Rosa y Josefa Blazek nacieron el 20 de enero de 1878 en la República Checa y desde el primer momento de sus vidas, el destino les tenía preparado una historia única y difícil. Eran gemelos siameses, unidos por la pelvis y conectados físicamente para siempre.

Estudiaron música, actuaron en el escenario y viajaron por Europa. En 1906, mientras viajaba por Francia, Rosa conoció al hombre que cambiaría su vida: un joven oficial llamado Franz. Una historia de amor comenzó entre ellos.
A Josefa le costó aceptar esta relación. Se sentía inútil pero no podía irse. Sin embargo, con el tiempo aceptó el derecho de su hermana a amar.
Los encuentros se hicieron cada vez más frecuentes y en 1909 un verdadero escándalo sacudió Francia: una de las hermanas siamesas estaba embarazada.
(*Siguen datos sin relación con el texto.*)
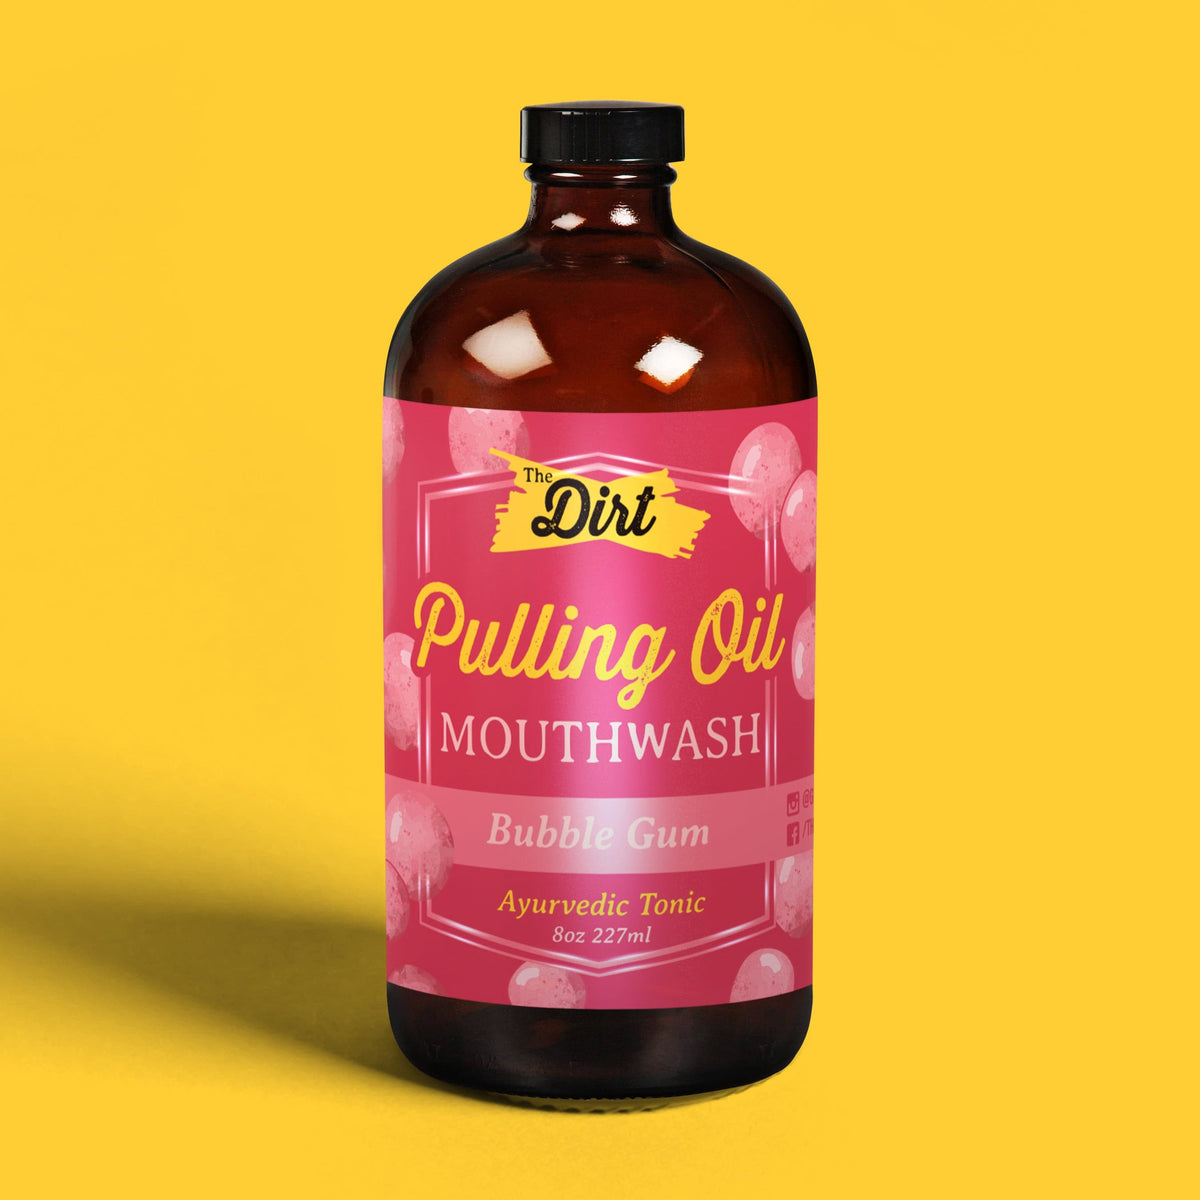 Buy with Prime Pulling Oil Mouthwash - The Dirt - Super Natural Oral Care 8oz / Bubblegum Oral Care

Por supuesto, resultó que Rosa estaba embarazada: ella era la que estaba en la relación. Pero como sus cuerpos estaban conectados, Josefa tuvo que pasar por todo con ella: desde las náuseas hasta las contracciones.
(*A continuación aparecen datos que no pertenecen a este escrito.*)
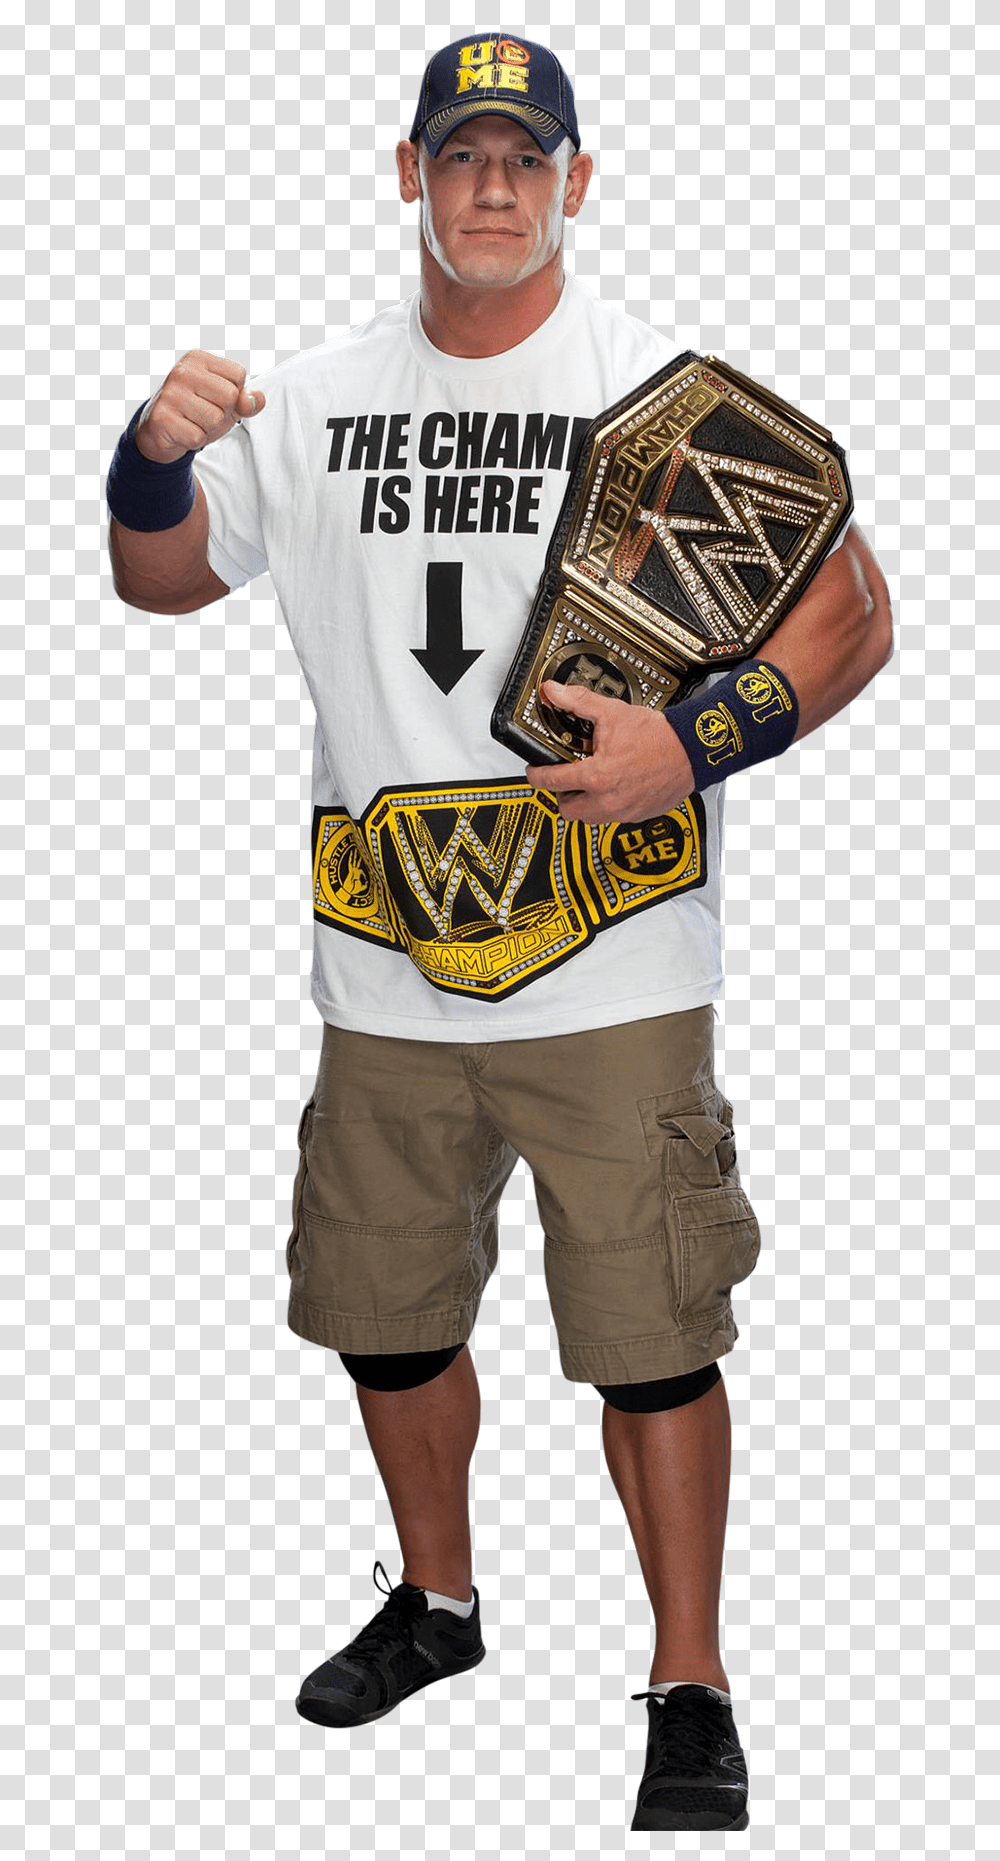 John Cena Google Search John Cena Wwe Champion Wwe John Cena Wwe Champion, Clothing, Person, Shirt, Jersey Transparent Png

El 16 de abril de 1910 nació un niño sano y fuerte. Lo llamaron Franz, como su padre. El destino volvió a mostrar su lado extraordinario: ambas hermanas produjeron leche y alimentaron y criaron juntas al niño.
Las hermanas volvieron al escenario, esta vez con su hijo. Su número se tituló “Dos madres, un corazón” y el público recibió su actuación con admiración y lágrimas en los ojos.
Luego vino la enfermedad. En 1922 Josefa cayó enferma. Para salvar a Rosa, los médicos sugirieron la separación quirúrgica. Rosa, sin embargo, se negó sin dudarlo: “Vinimos juntos a este mundo y moriremos juntos”.
Y así sucedió. Murieron el mismo día, con 12 minutos de diferencia.